Billy started to get up, then remembered where he was. He tried to give me advice using only his eyes, which were amazingly expressive.

I stood. "Your Honor, my father was an abusive man. But I could have left him if I chose to, if I had had the strength of character to do so."

"Were you in fear for your life when he came at you with the sword?"

"I honestly can't say." There was a short pause.

"Is there... anything else you wish to say about that day?"

Good god, where was this going? "No, Your Honor."

"Then I have one last question. Do you feel you deserve punishment for this act?"

"Your Honor, I have been punishing myself for seventy years now. Whether that is enough, whether the state should now get in its licks, is up to you to decide."

"Yes, it is. But it's all academic, anyway. I was merely trying to better understand the situation in hopes of refining the protocols.

"Determination is as follows:

"A person accused of a crime has the expectation and the right to be judged by the laws in effect at the time of the crime. Though it may look like a loophole, Mr. Valentine, and though we may, in our wisdom, view an antiquated law as foolish, even barbaric, we should bear in mind that things we do today will seem equally silly to future generations. Our perspective is probably not the pinnacle of human wisdom; we do the best we can with what we know, and should be loath to condemn our forebears. Therefore, I find that under prevailing law, no crime was committed in the death of John Valentine, the identical clone of Kenneth Valentine, and I hereby dismiss all charges against the defendant.

"Court is adjourned."

* * *

"Does that mean I can go?" I shouted to Billy Flynn. I had to shout; the noise was deafening. Toby was awake, jumping up and down and barking.

"There's the door. You're a free man."

"What about my money?"

"Except for a big chunk that goes to me, it's all yours."

"Then I want you to hire ten of the meanest bodyguards you can find. No, make that twenty. All authorized to carry lethal weapons. I'd like them in this room in ten minutes, if possible. I'll wait right here."

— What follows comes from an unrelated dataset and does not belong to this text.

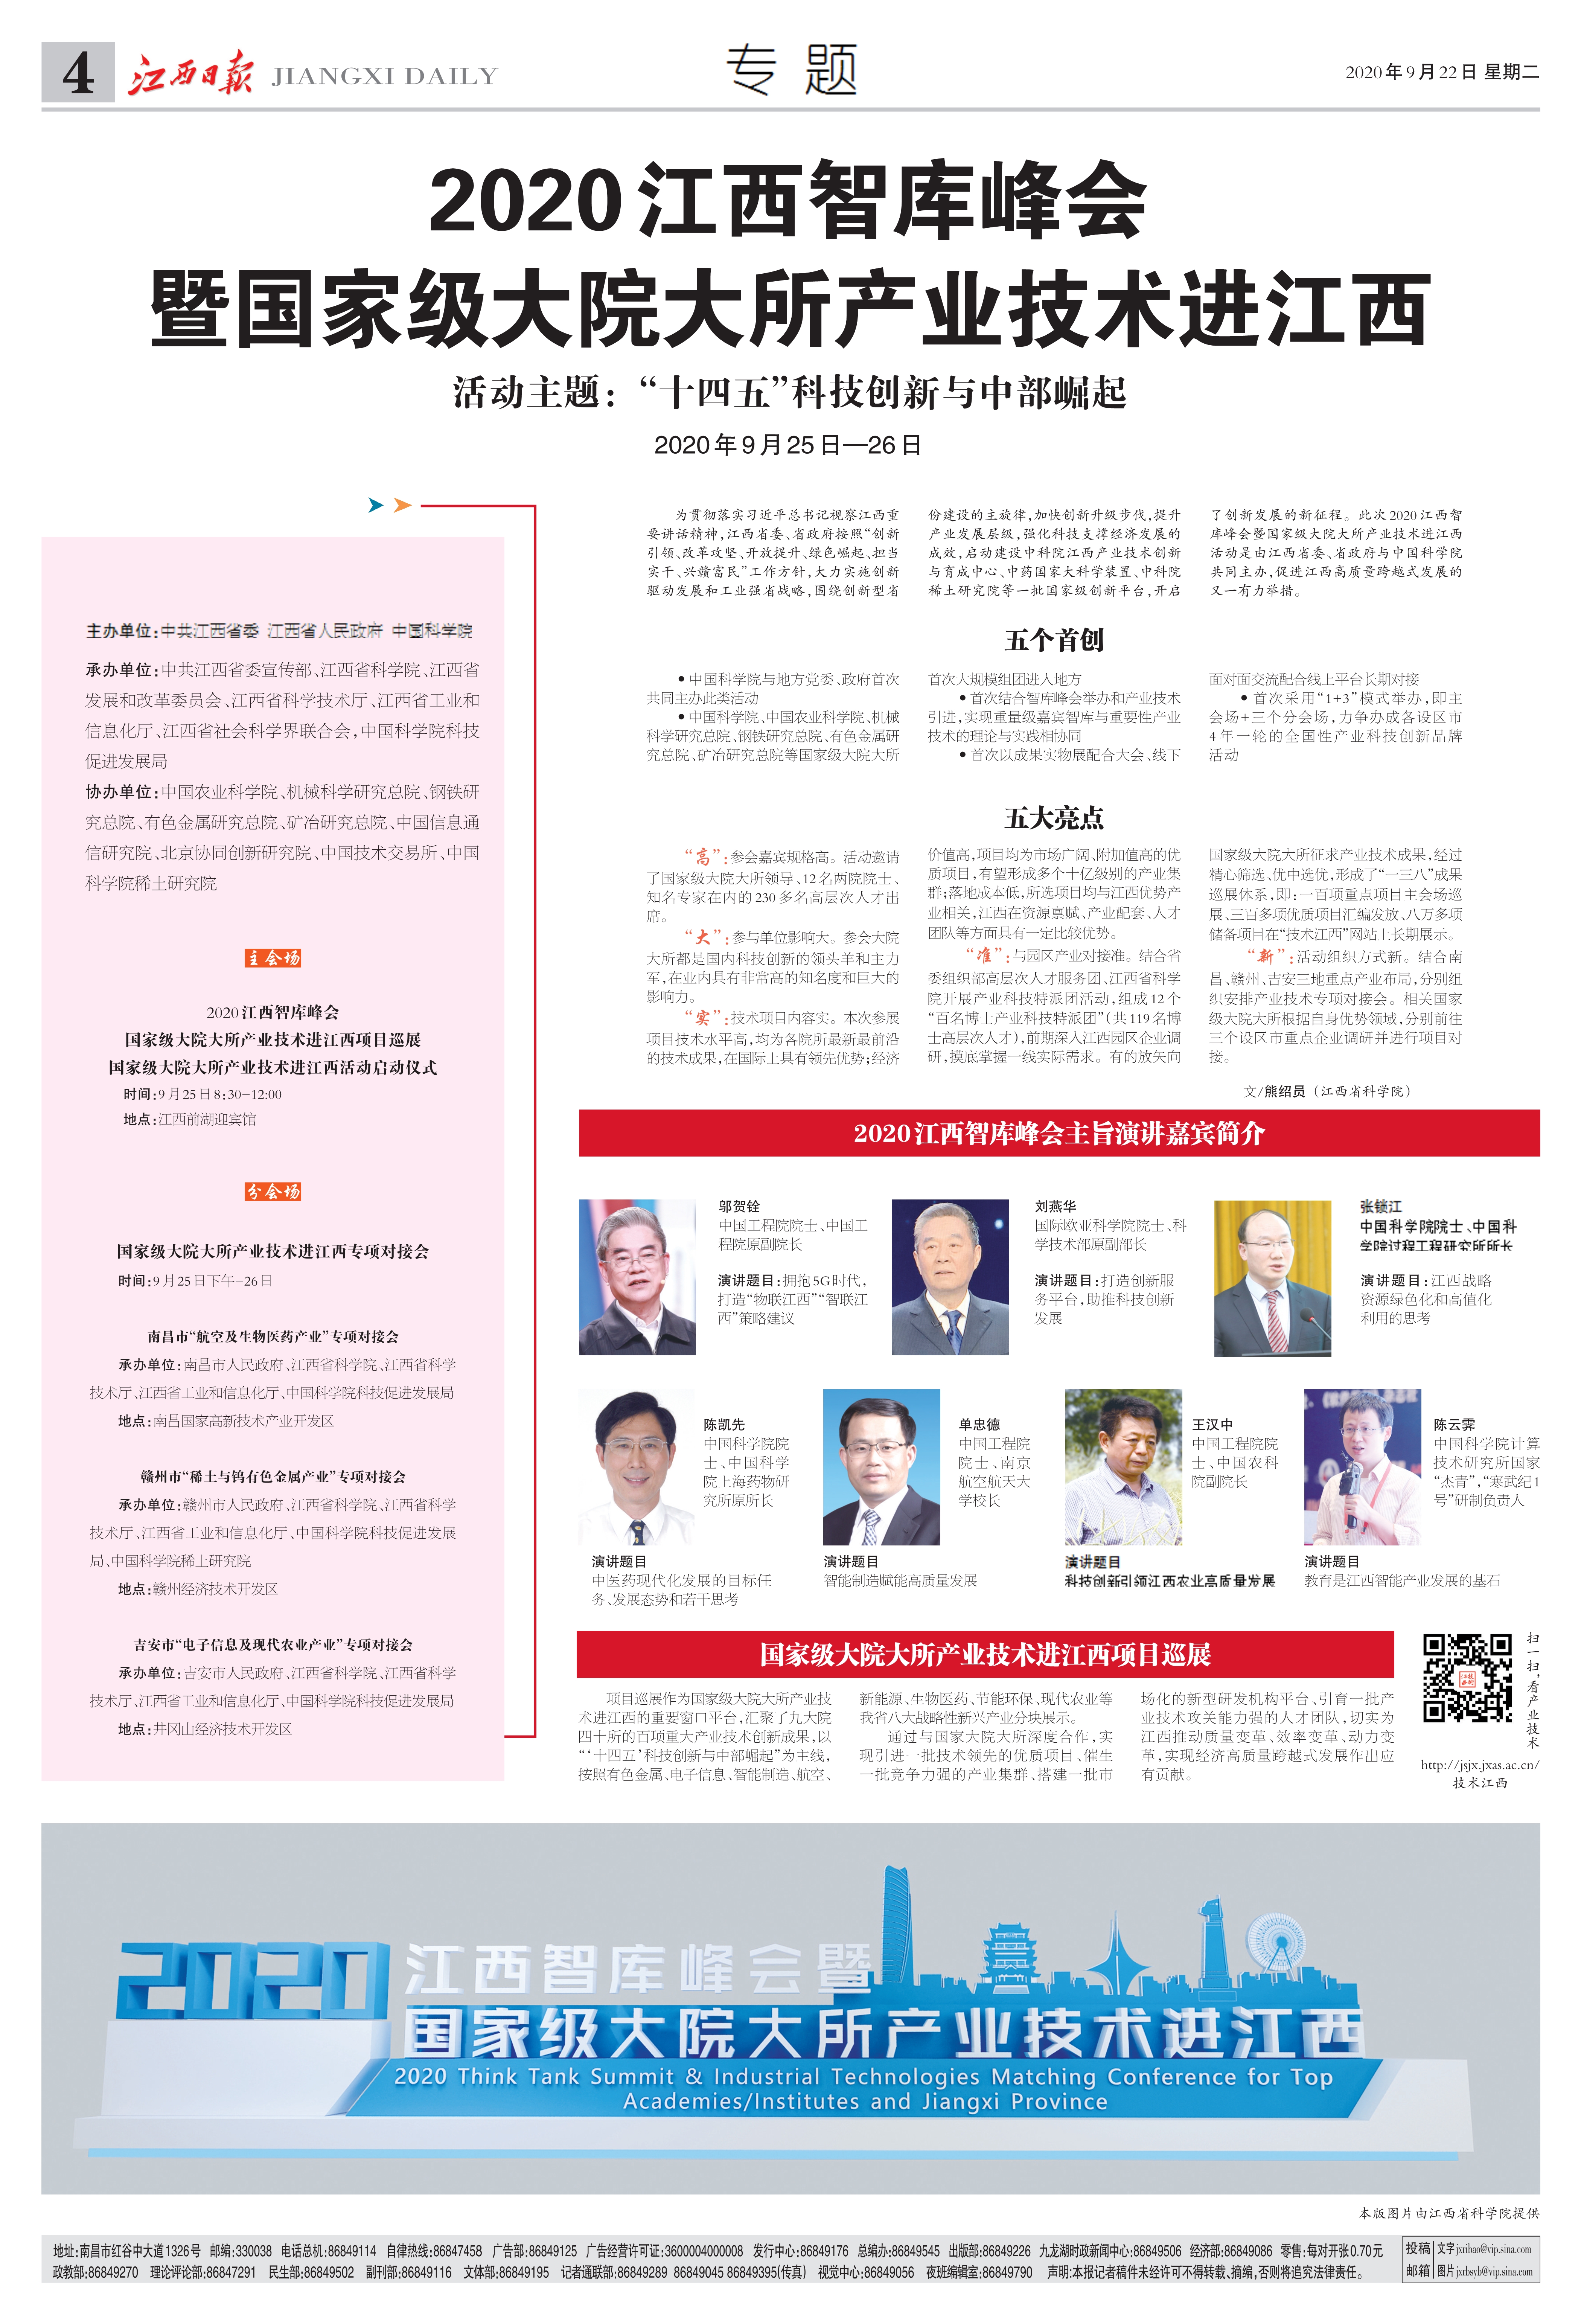 《江西日报》专题整版宣传我院2020江西智库峰会暨大院大所产业技术进江西活动

And that's what I did, keeping a nervous eye on the door all the time.

The room quickly cleared out until no one was left but me and my attorneys, who were so busy in a self-congratulatory knot some distance away, patting each other on the back for the great work they had so little to do with, that they didn't notice it when the Judge spoke to me again.

"You're a very lucky man, Kenneth," it said.

"Luckier than you'll ever know."

"I know more than you suppose. I'm speaking now with another hat on, the one I wear as the Luna Central Computer."

I would have imagined that was more than one hat right there, but I had been raised to be suspicious of large computers, and this was the largest one there was, so I said nothing.

"I witness most of what goes on in Luna," it said. "As you know, most of what I see I cannot act on, due to laws concerning the privacy of citizens. The information is compartmentalized, inaccessible to other parts of me. The part of me they call the Judge, and the part of me that oversees immigration, for instance, do not know that an illegal by the name of Isambard Comfort went into your dressing room and never came out. I don't think Toby ate Mr. Comfort, so I surmise he is still in there."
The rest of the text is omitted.